I have never experienced abnormal spin behavior in a SEP Cessna but an instructor I know experienced a flat spin in a C 150 Aerobat. The spin attitude was essentially level with a high rate of rotation and spin recovery control inputs had no effect. He recovered by applying full power and full into spin control inputs. The aircraft shook like a wet dog, gave a massive lurch and transitioned into the normal nose low spin attitude. After that power was reduced to idle and a normal spin recovery carried out.

It was a bumpy day and the instructor thinks the aircraft experienced a large up draft just as the spin was entering it's second rotation causing a pitch up just as true auto rotation started and leading into a flat spin.
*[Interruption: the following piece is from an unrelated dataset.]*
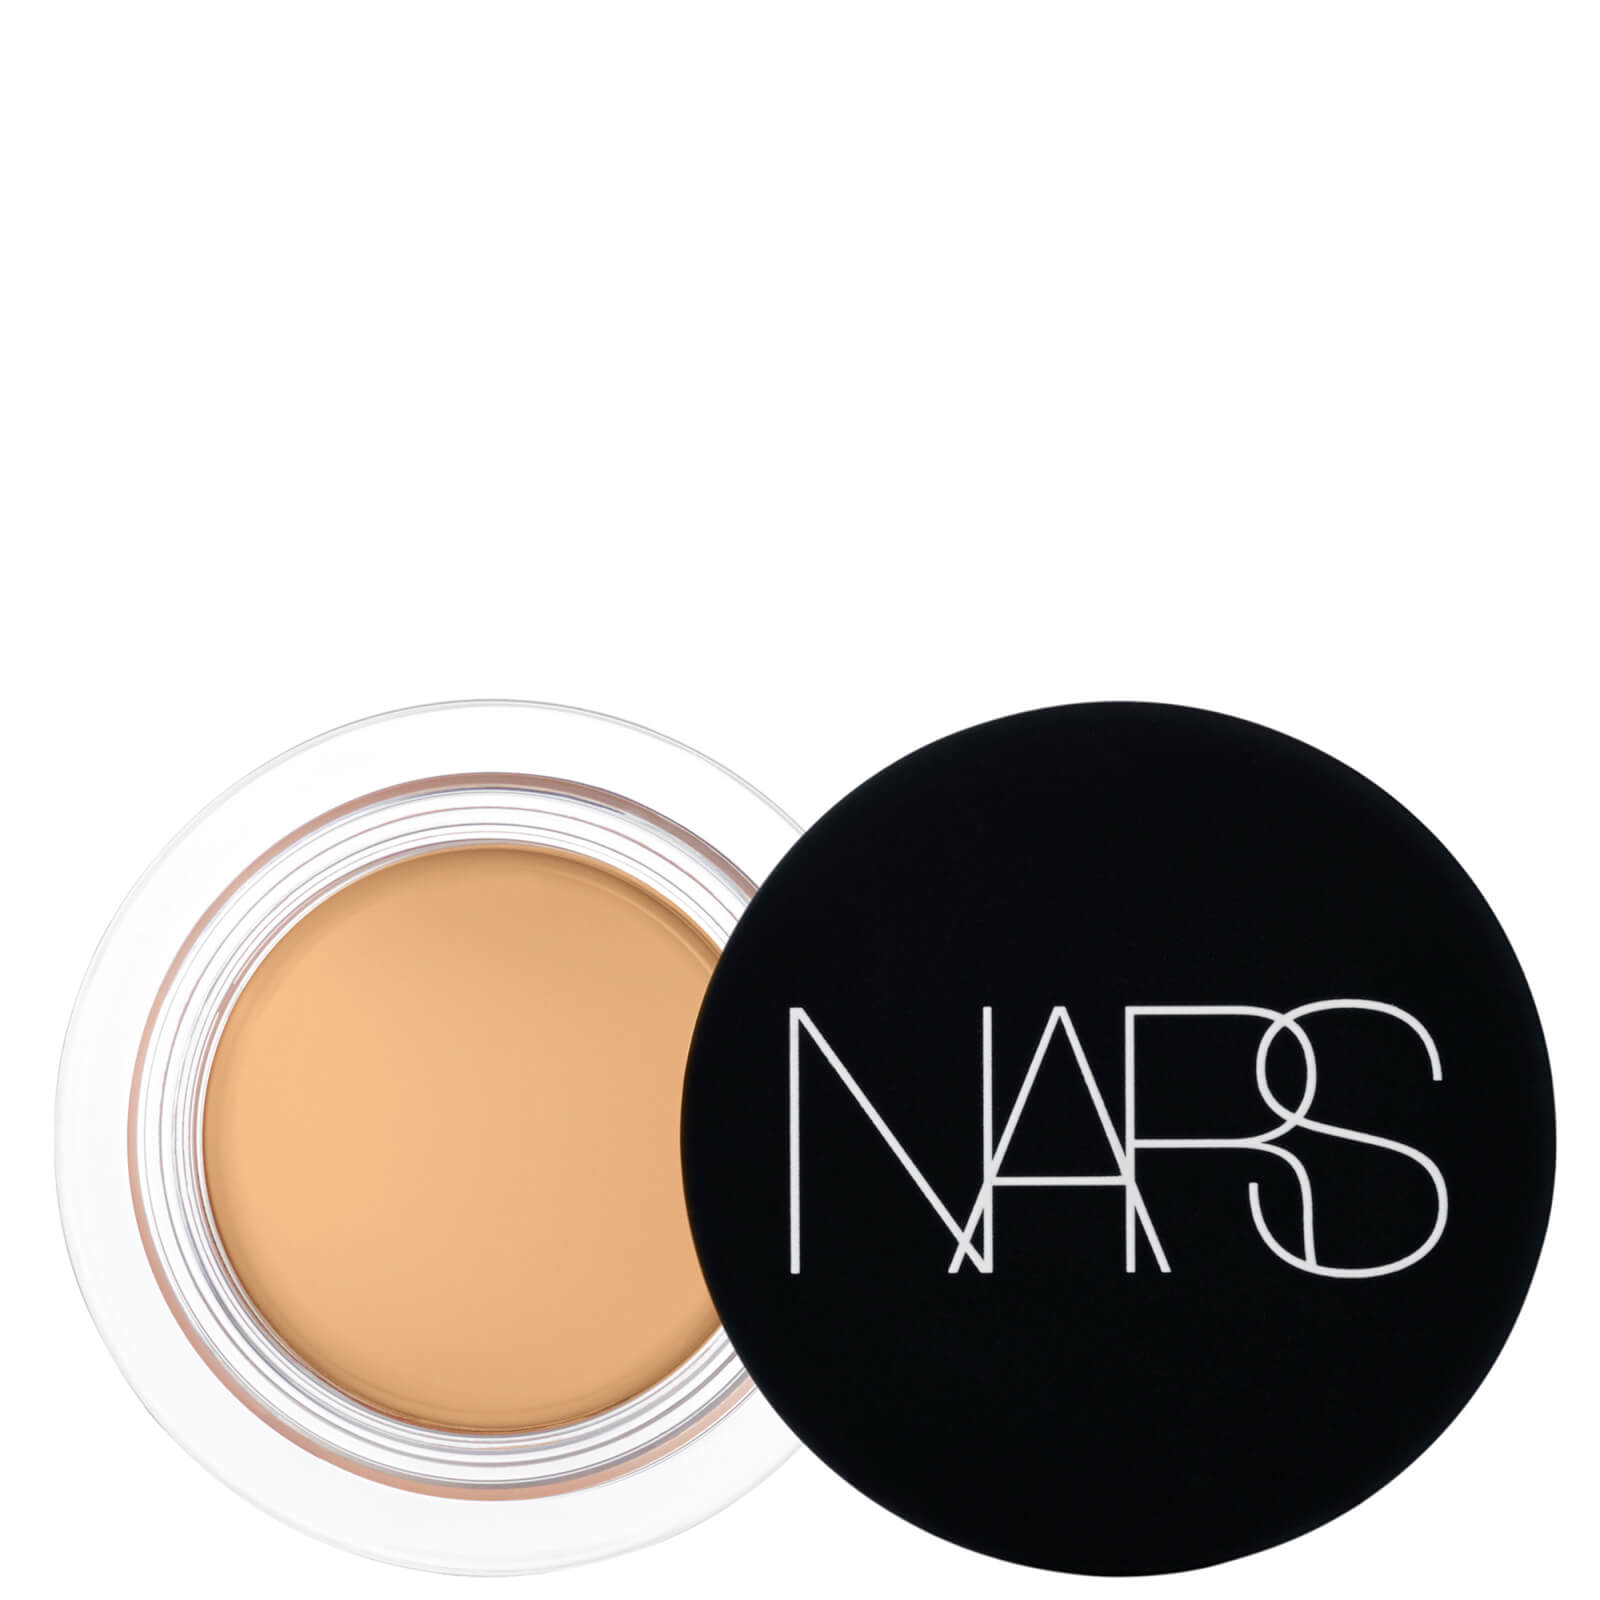 NARS Soft Matte Complete Concealer 5g (Various Shades) - Praline

Since he was an aerobatic instructor he was able to recognize what had happen and recover. I think an ordinary non aerobatic instructor and his student would almost certainly spun into the ground with fatal results.......


The bottom line IMHO is simple: Just because the aircraft has done 10,000 perfectly normal spins doesn't mean that the 10,001 spin will not require an aerobatically trained and experienced pilot to recover

Any pilot that has not had formal aerobatic training, including full normal and abnormal (ie flat, inverted) spin training should not carry any spin past the spin entry phase. That is 1/2 to a maximum of 1 turn. If the aircraft does anything unusual in the spin entry an immediate recovery should be carried out.